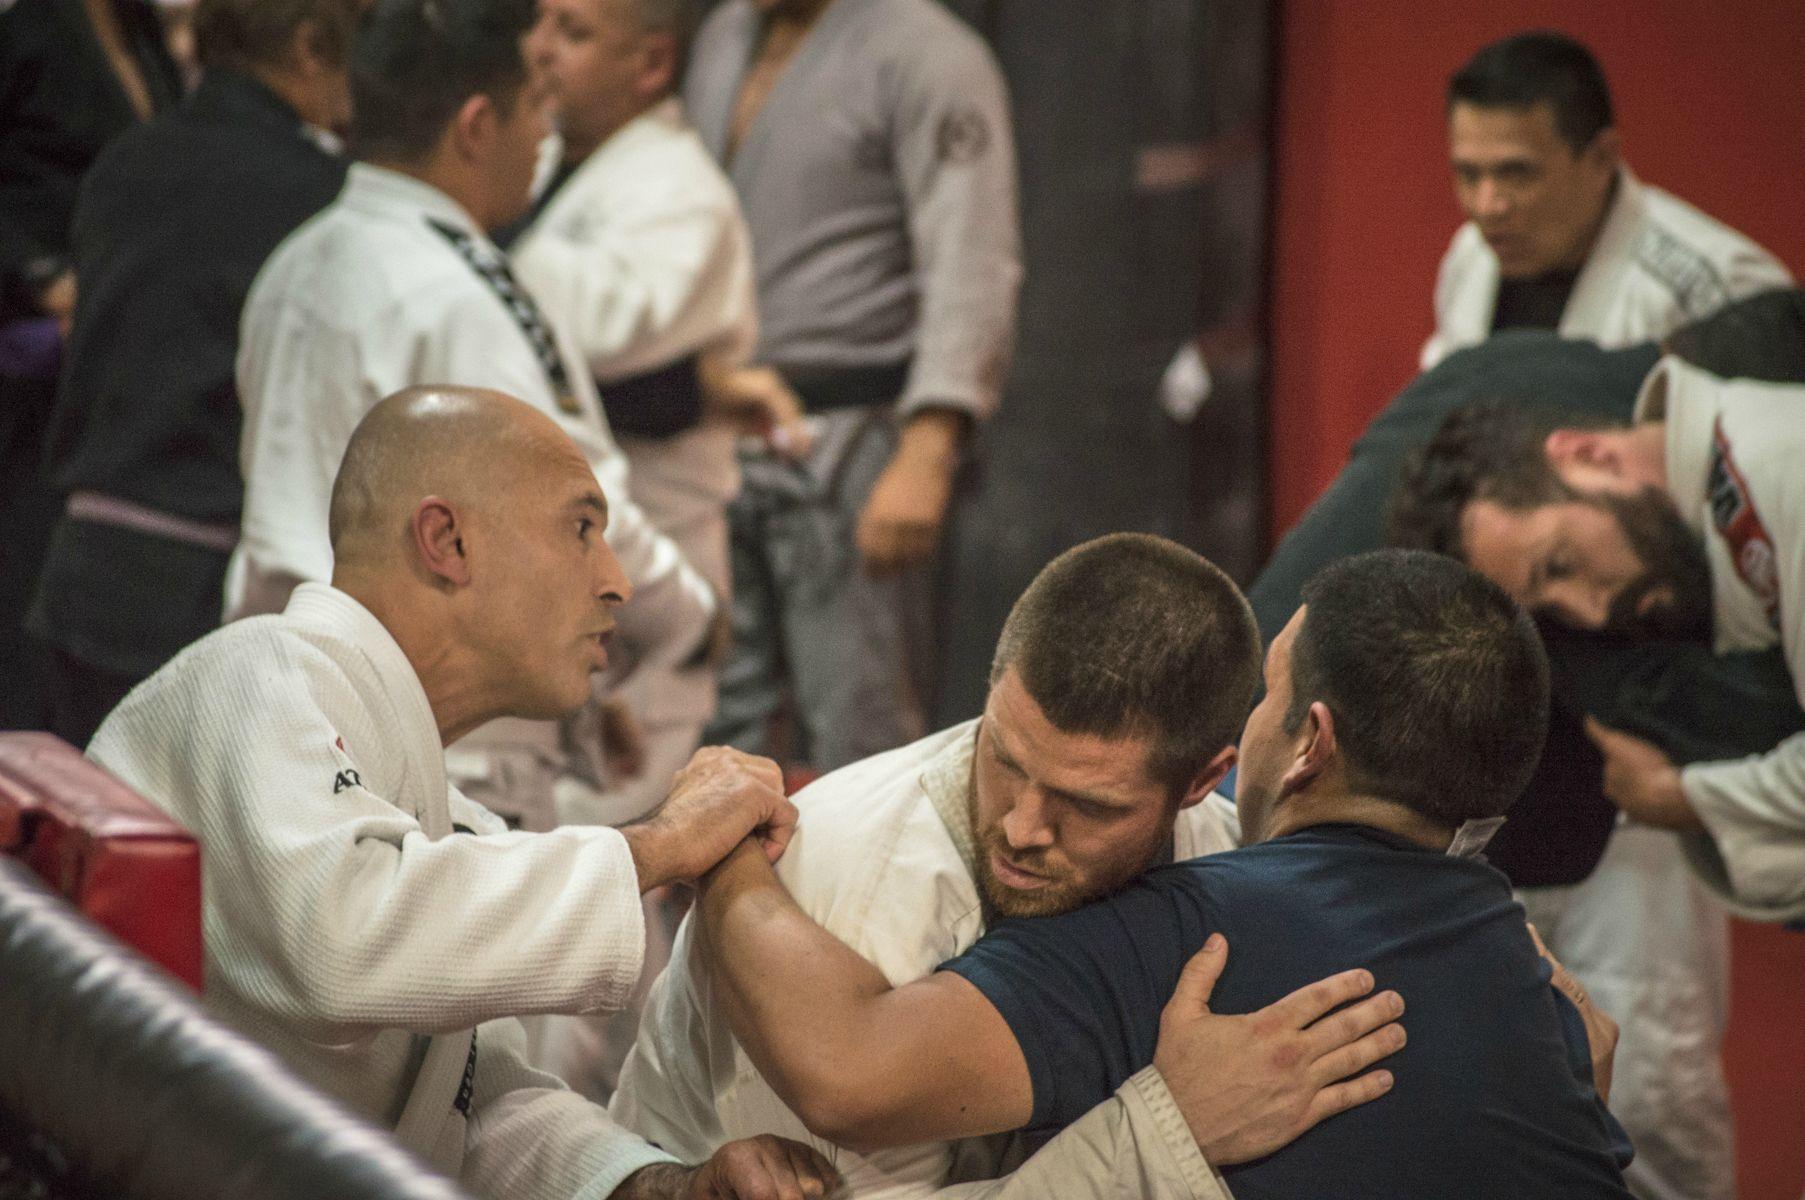 UFC Brazilian Jiu Jitsu Fighter Royce Gracie at Millennia MMA Gym in Rancho Cucamonga California
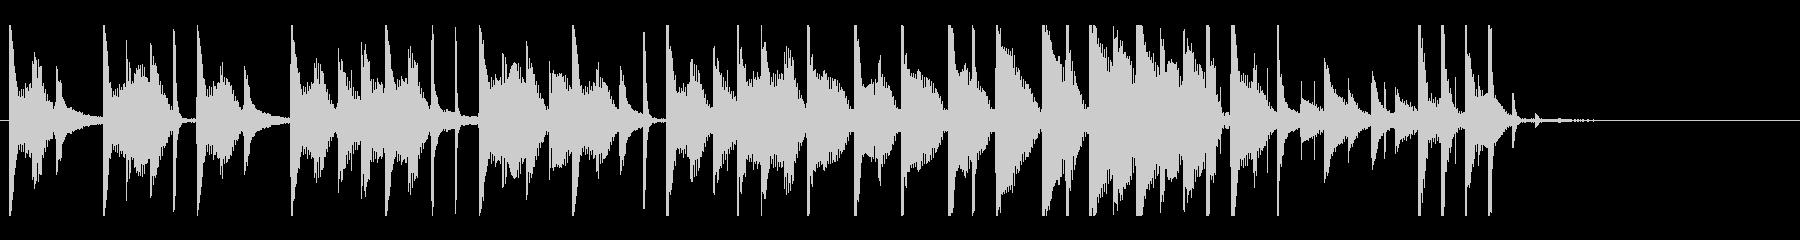 ドラムが印象的なジングルですの未再生の波形
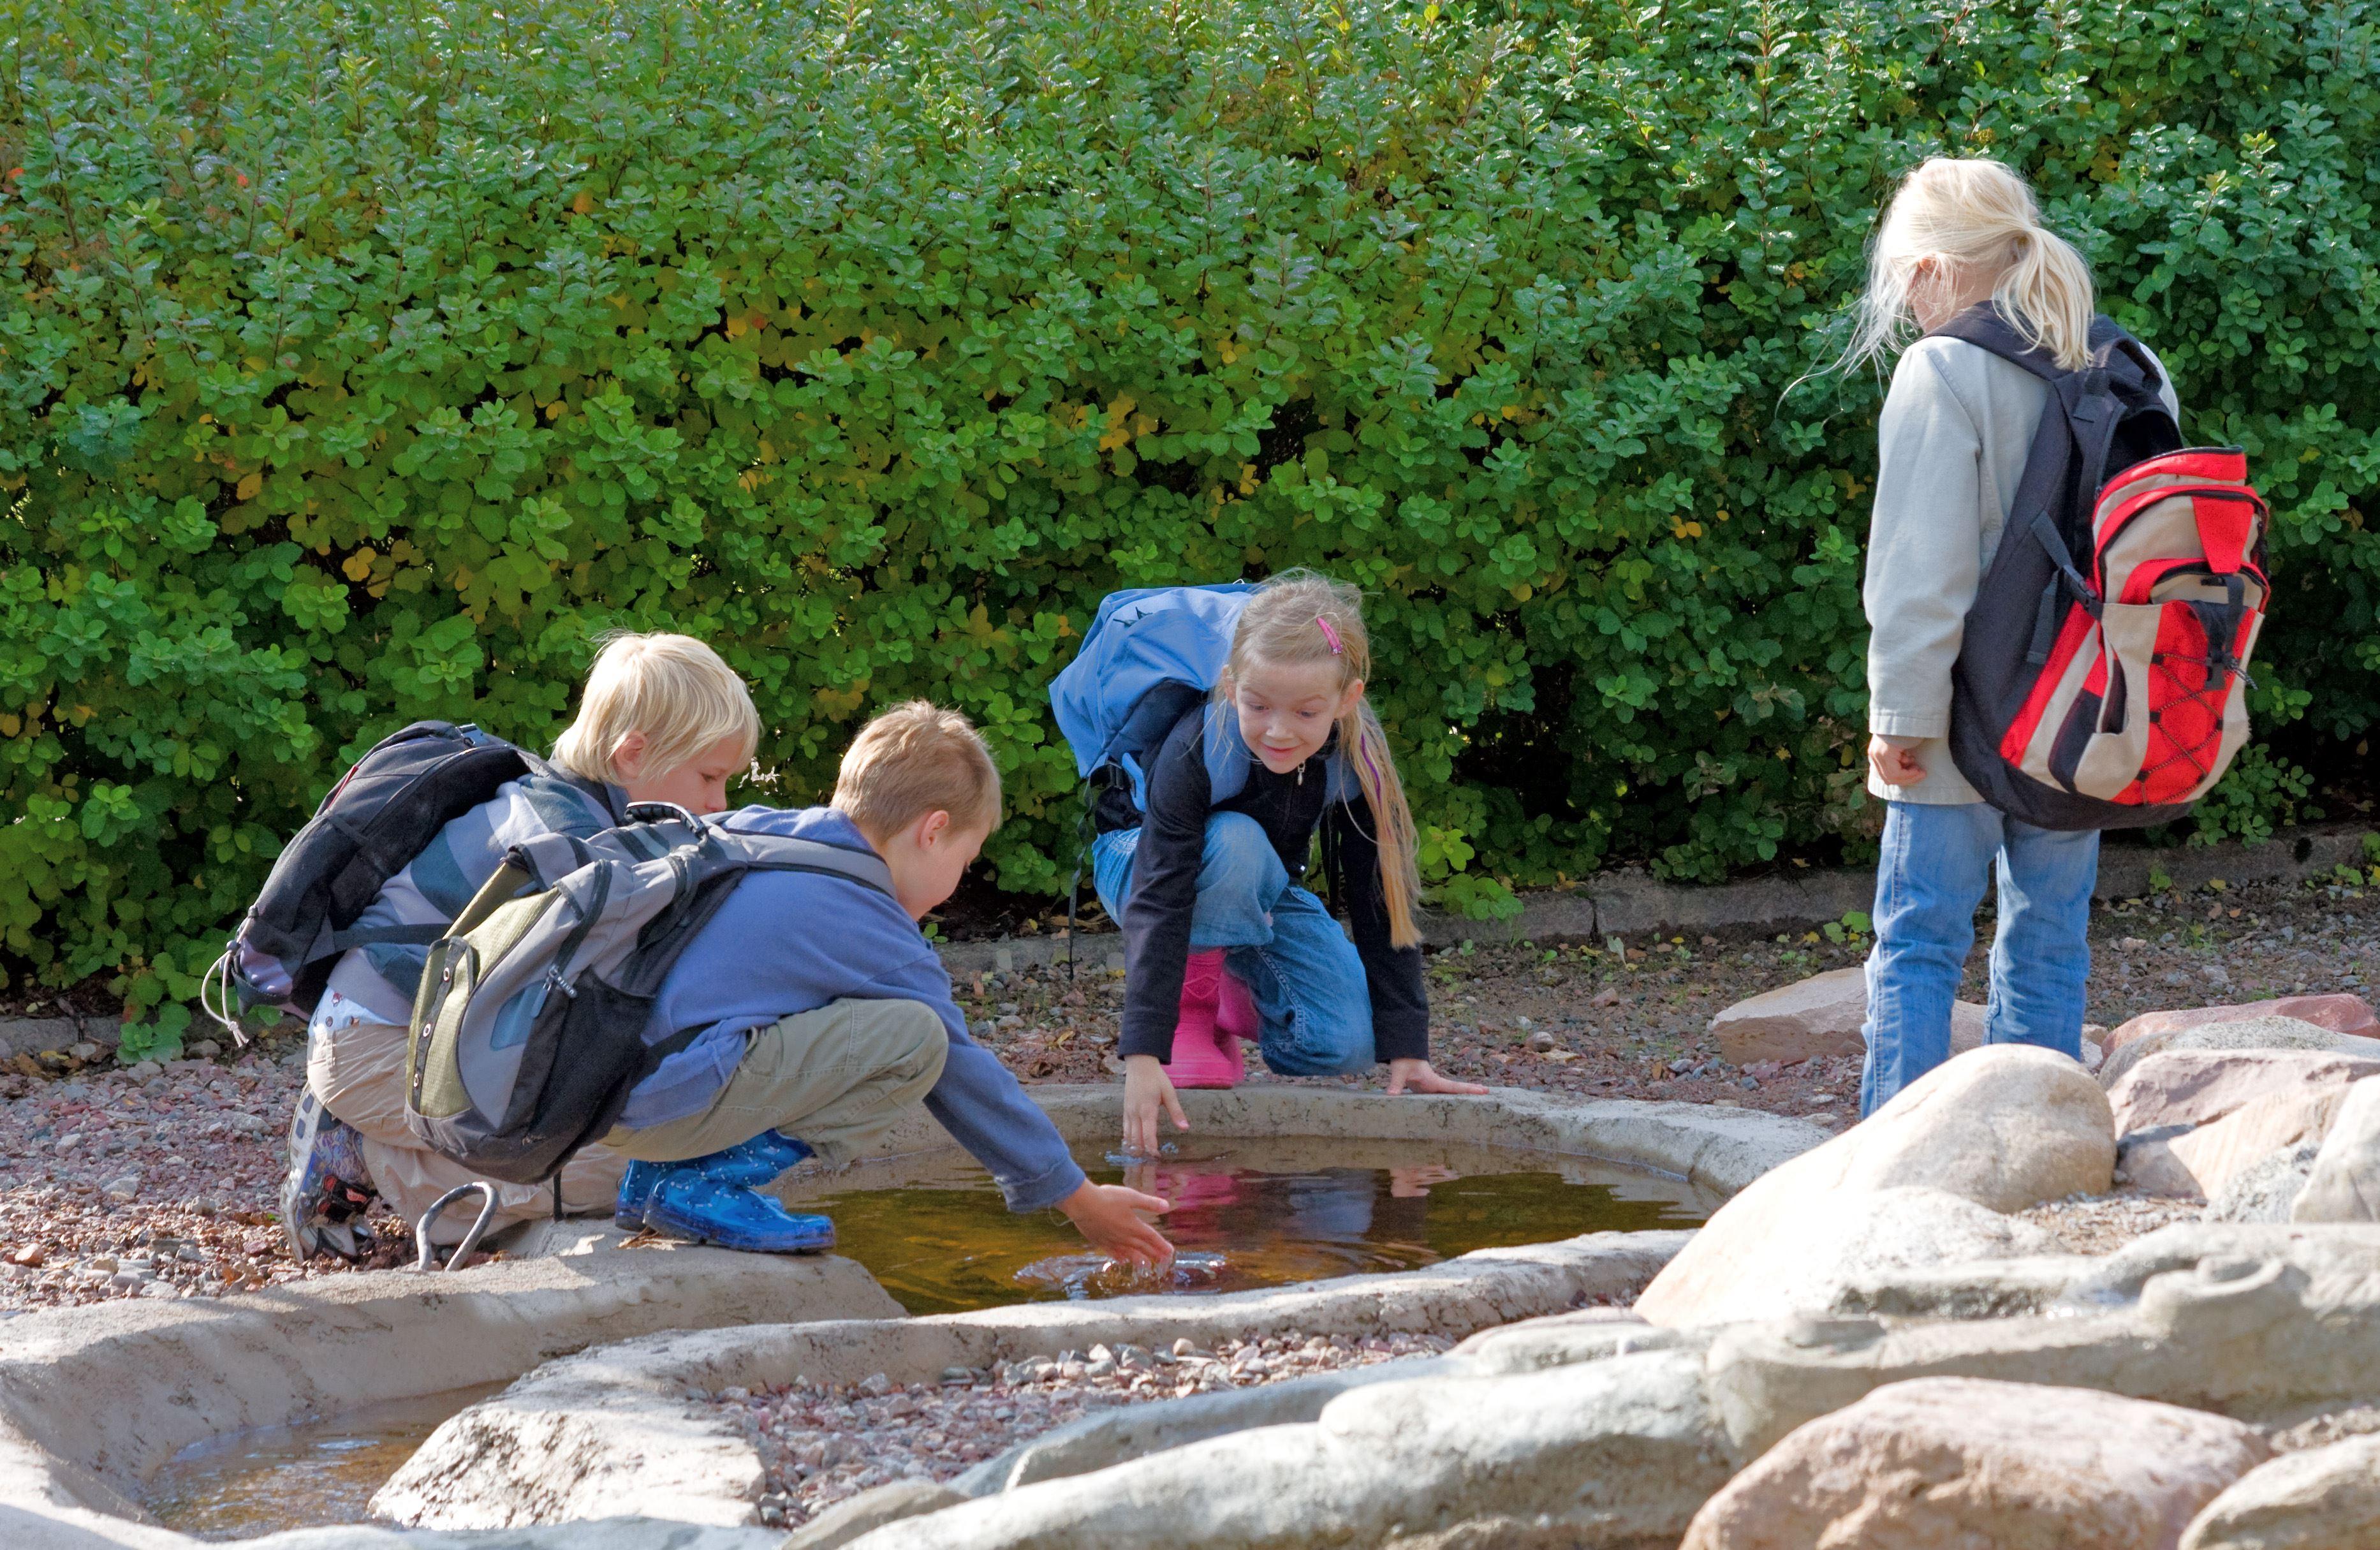 © Emåns ekomuseum, Emåns Ekomuseum in Bodafors
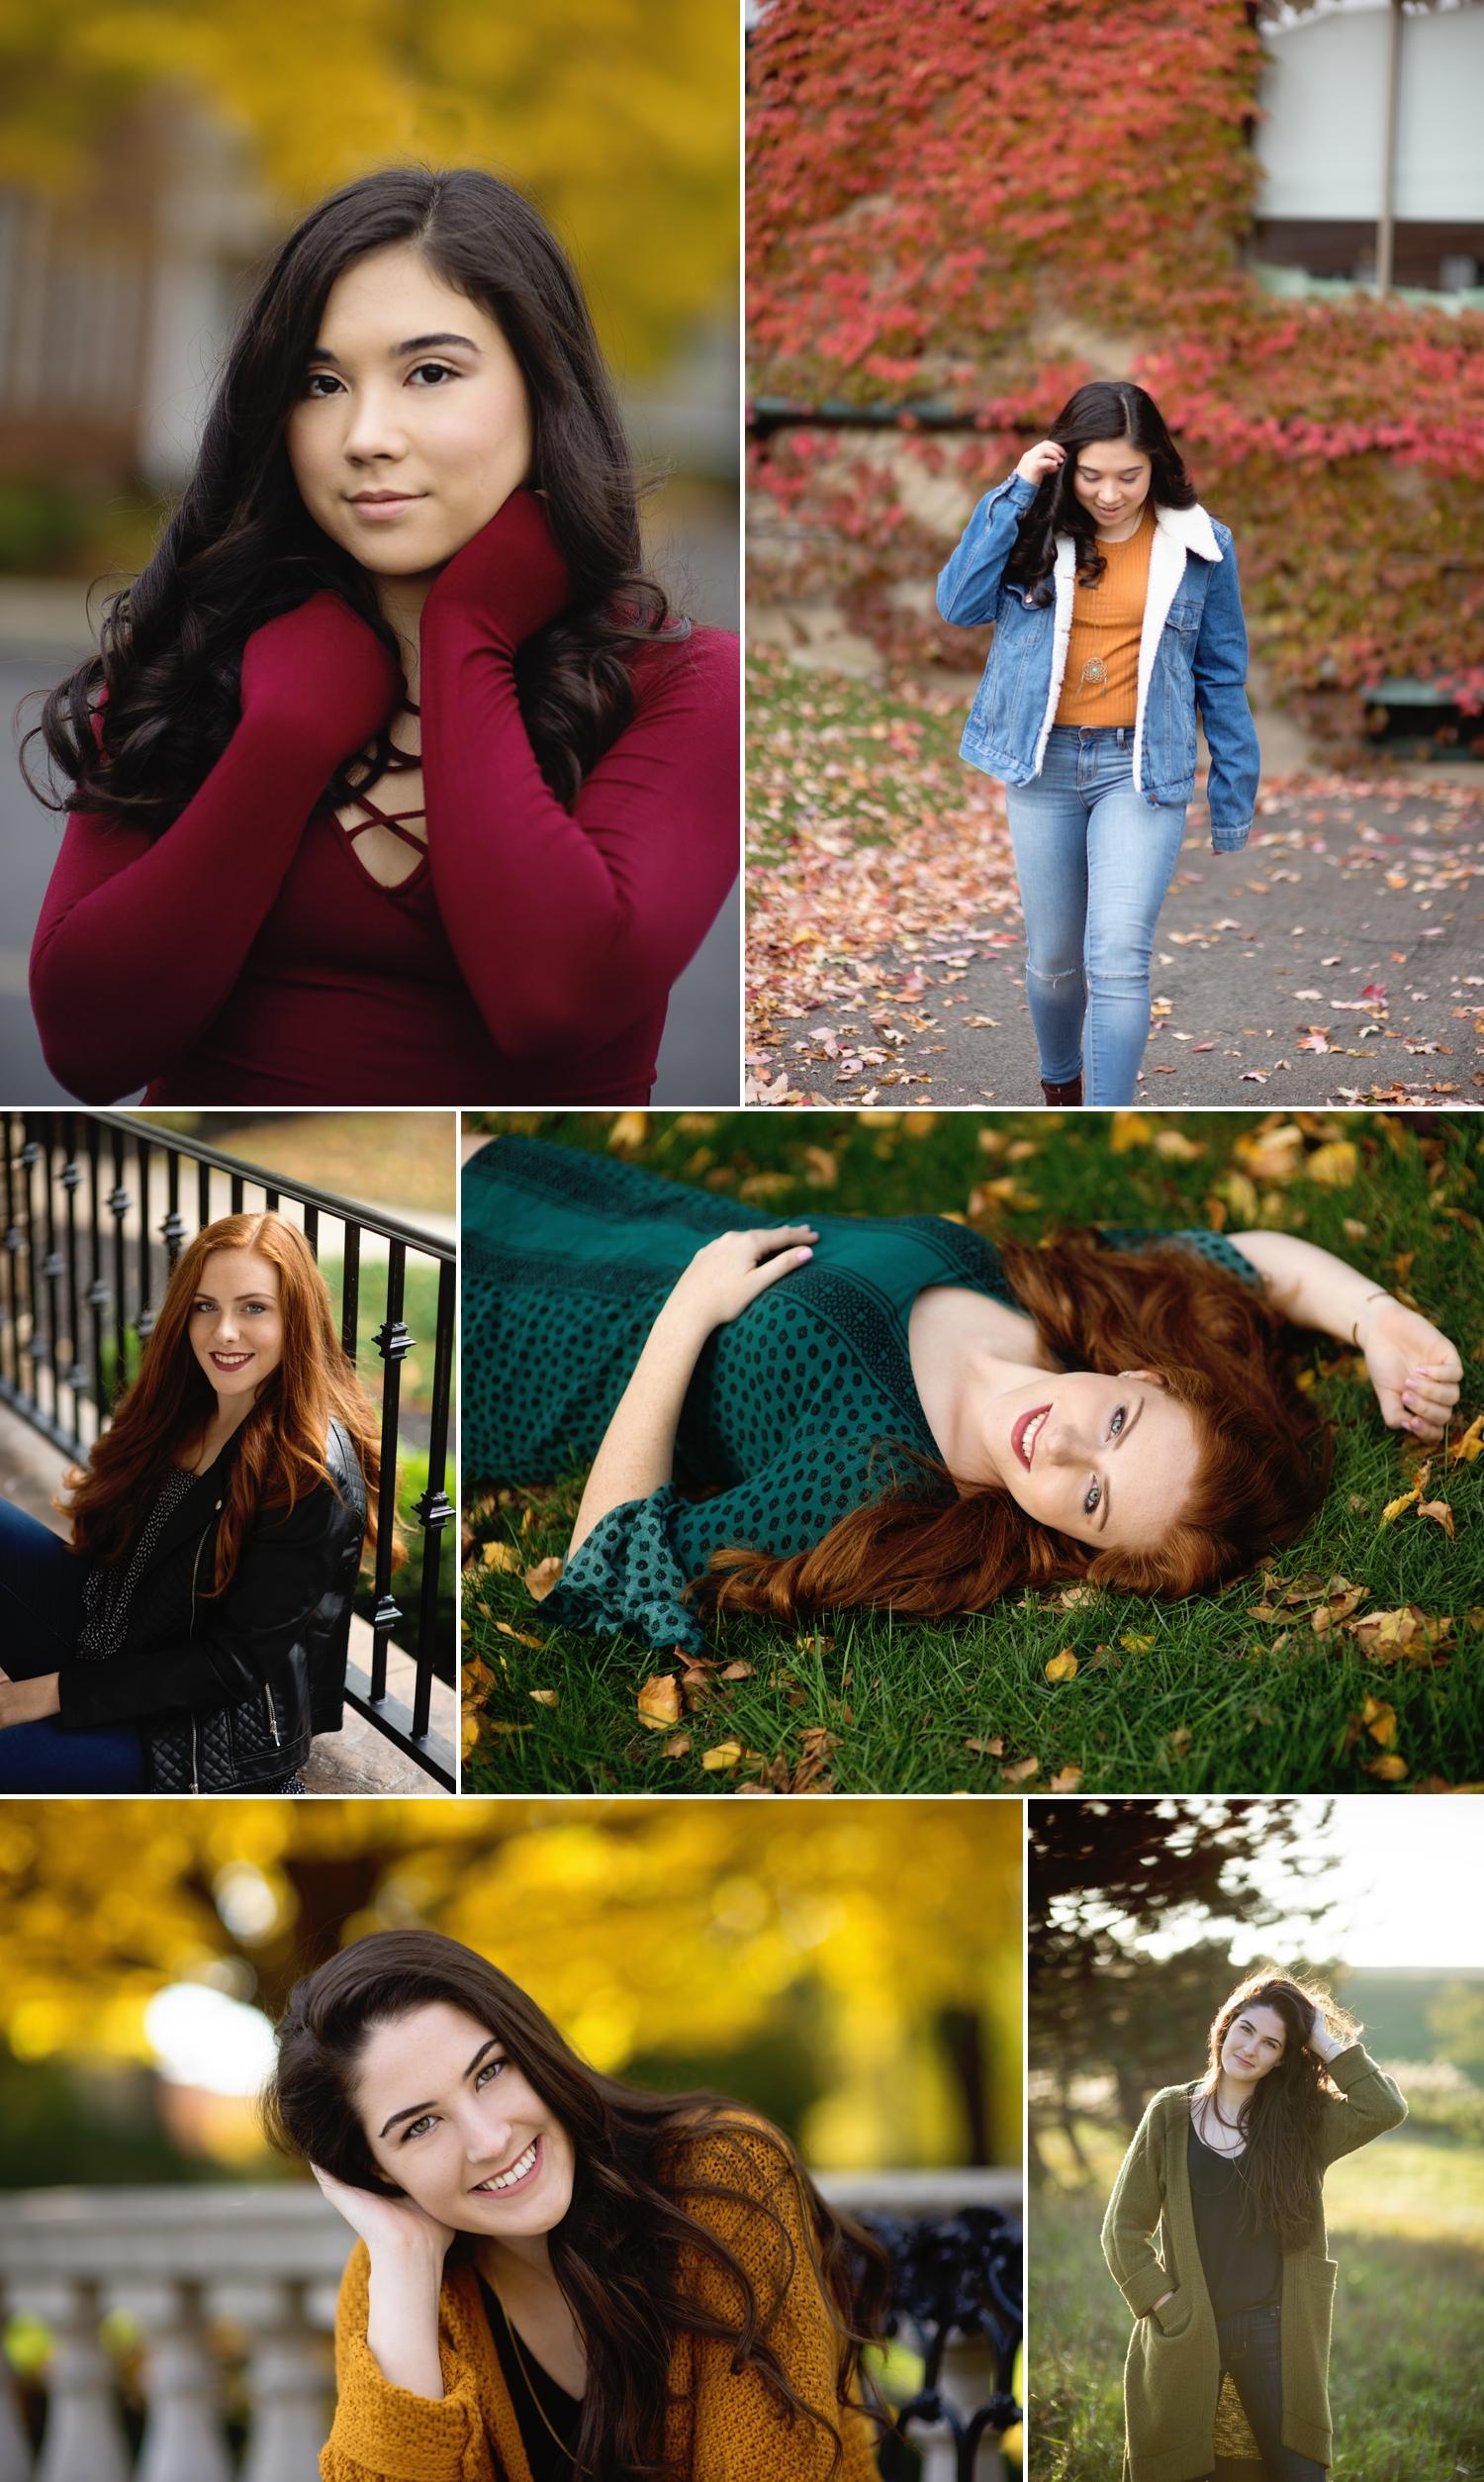 Buffalo NY   Nardin Academy   Senior Portraits

■ **What needs to be done**: Each line of the material needs to be given again exactly, without any of its pictures.

■ **Response to this exercise**:
 UFC Brazilian Jiu Jitsu Fighter Royce Gracie at Millennia MMA Gym in Rancho Cucamonga California
 ドラムが印象的なジングルですの未再生の波形
 © Emåns ekomuseum, Emåns Ekomuseum in Bodafors
 Buffalo NY   Nardin Academy   Senior Portraits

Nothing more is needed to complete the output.